Selon les médias américains, Serena Williams aurait pourtant parlé sur un autre ton. Au moins aussi agressif que son regard dans le feu de l’action. Pointant sa raquette vers la juge, elle lui aurait hurlé les menaces suivantes: «Je le jure devant Dieu, je vais prendre cette balle... et je vais te l'enfoncer dans le gosier... Tu entends ce que je dis? Je le jure devant Dieu.»
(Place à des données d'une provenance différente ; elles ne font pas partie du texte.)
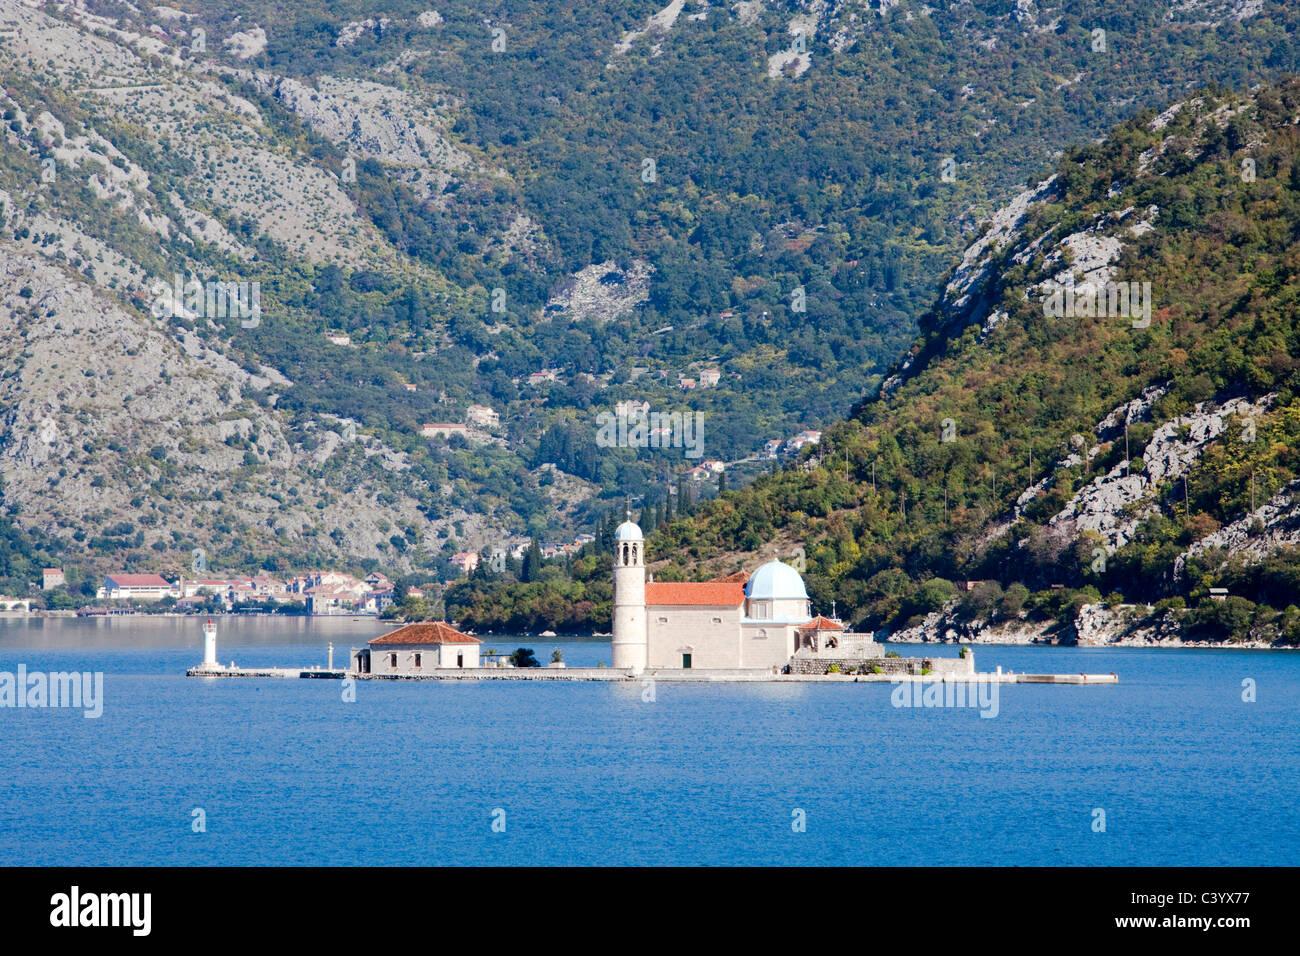 Montenegro, Europe, Adriatic, sea, Perast, island, isle, church, Boka Kotorska, - Stock Image

Si la joueuse reconnaît sa faute de pied, une telle réaction semble disproportionnée. Pourquoi Serena Williams se serait-elle énervée? Simplement parce qu’en match, ce type de faute n’est pas souvent sanctionnée. «Je n'ai pas été sanctionnée d'une seule faute de pied de toute la saison avant d'arriver à New York et là soudainement, ils se mettent à sanctionner ça. La prochaine fois que je joue ici, je me mettrai trente centimètres derrière la ligne.» Si les menaces proférées sont vérifiées, les juges de ligne devraient eux aussi prendre leurs précautions.